A new Turkish-Arab economic space is taking shape that is relatively independent of Turkey’s traditional industrial hub (see figure four). Before the war, Istanbul was the export leader to Syria, with 616 million dollars in 2011. Now, it is Gaziantep with 426 million dollars in 2016. Hatay exports 214 million dollars. Part of this could be due to Syrian businessmen who resettle in these provinces and bring with them the know-how and familiarity of their home market. This allows for a more integrated economy across the border. There is currently no data to establish this causal link, but anecdotal evidence gathered throughout the region suggests that this might well be the case.

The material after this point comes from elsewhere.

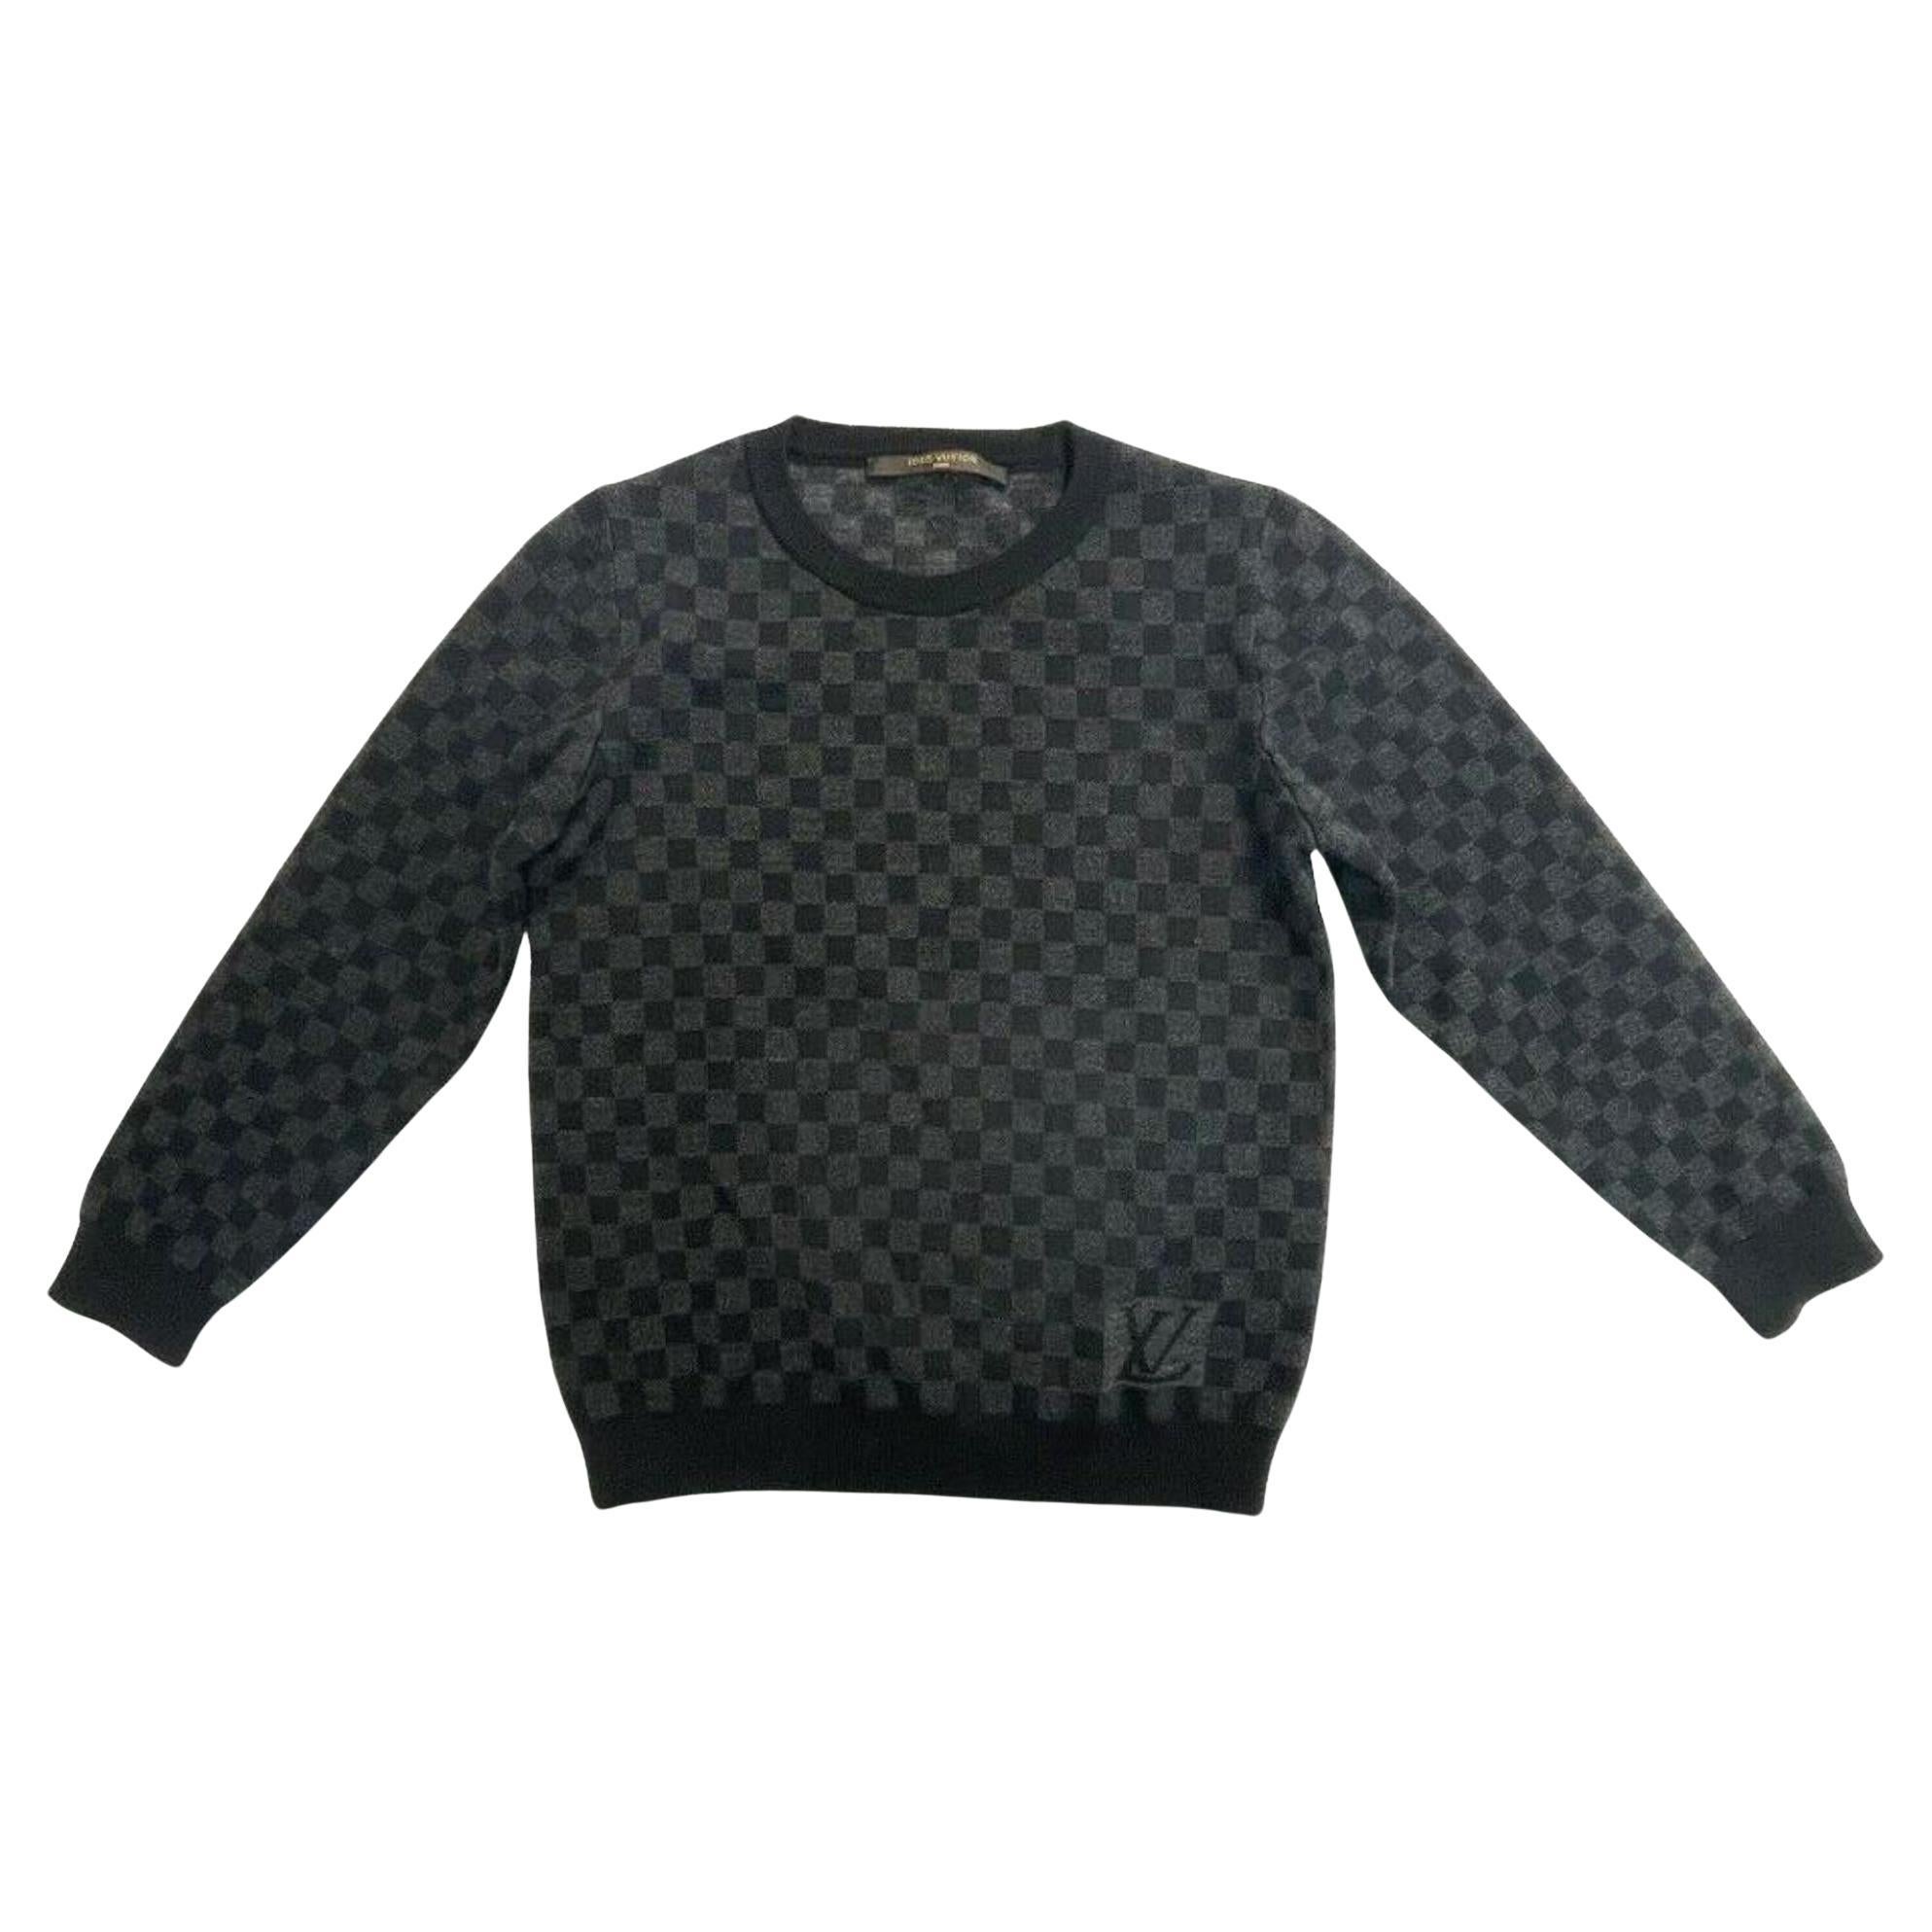 vuitton grey sweater

Figure 4: Exports of Turkey’s provinces to Syria, US dollars (million)
Source: Turkish Statistical Institute, TEPAV calculations
What This Means for Europe
Throughout the history of the Republic, Turkey has been the epitome of a nation state, strong in its self-perception as a homogeneous entity. This is gradually changing. For the first time since the fall of the Ottoman Empire, there is again a vibrant cultural, economic, and political Turkish-Arab space. But unlike at the time of the Ottoman Empire, it is not Turks traveling to Arab centers, but Arabs who are resettling into Turkey. All this means that the border between the Arab world and Turkey, and by extension, Europe, is becoming more blurry.
Europe could choose to be part of this new space. There are 720,000 Syrian refugees across Europe, mostly in Germany. Decades from now, these people are going to be part of a wider network of the Syrian diaspora. Already, there are families scattered across Turkish and European cities, keeping in touch through Skype conversations and even getting together for small reunions. Over time, these connections could translate into the fields of business and governance. European countries are often more concerned about integrating new arrivals than in maintaining their connections to their home countries. But there could be benefits to being a hub for the Syrian diaspora in the decades to come.
At the same time, mainstream political parties in Europe face the threat of a far-right resurgence fuelled by anti-refugee sentiments. This is why, in order to control the flow of migrants through its borders, European states need to do more to make Turkey a better destination country for migrants. The Turkish experience shows us that there are many mechanisms in place to help less developed countries such as Lebanon or Jordan to cope with refugees, but relatively little to a help middle-income country such as Turkey. European programs would do well to focus on working with Turkish institutions to strengthen their integration capabilities. This includes issues such as access to finance, labor market integration, social programs, and pathways to citizenship. The more refined the Turkish state’s mechanisms are in accommodating Syrian refugees, the better for Europe.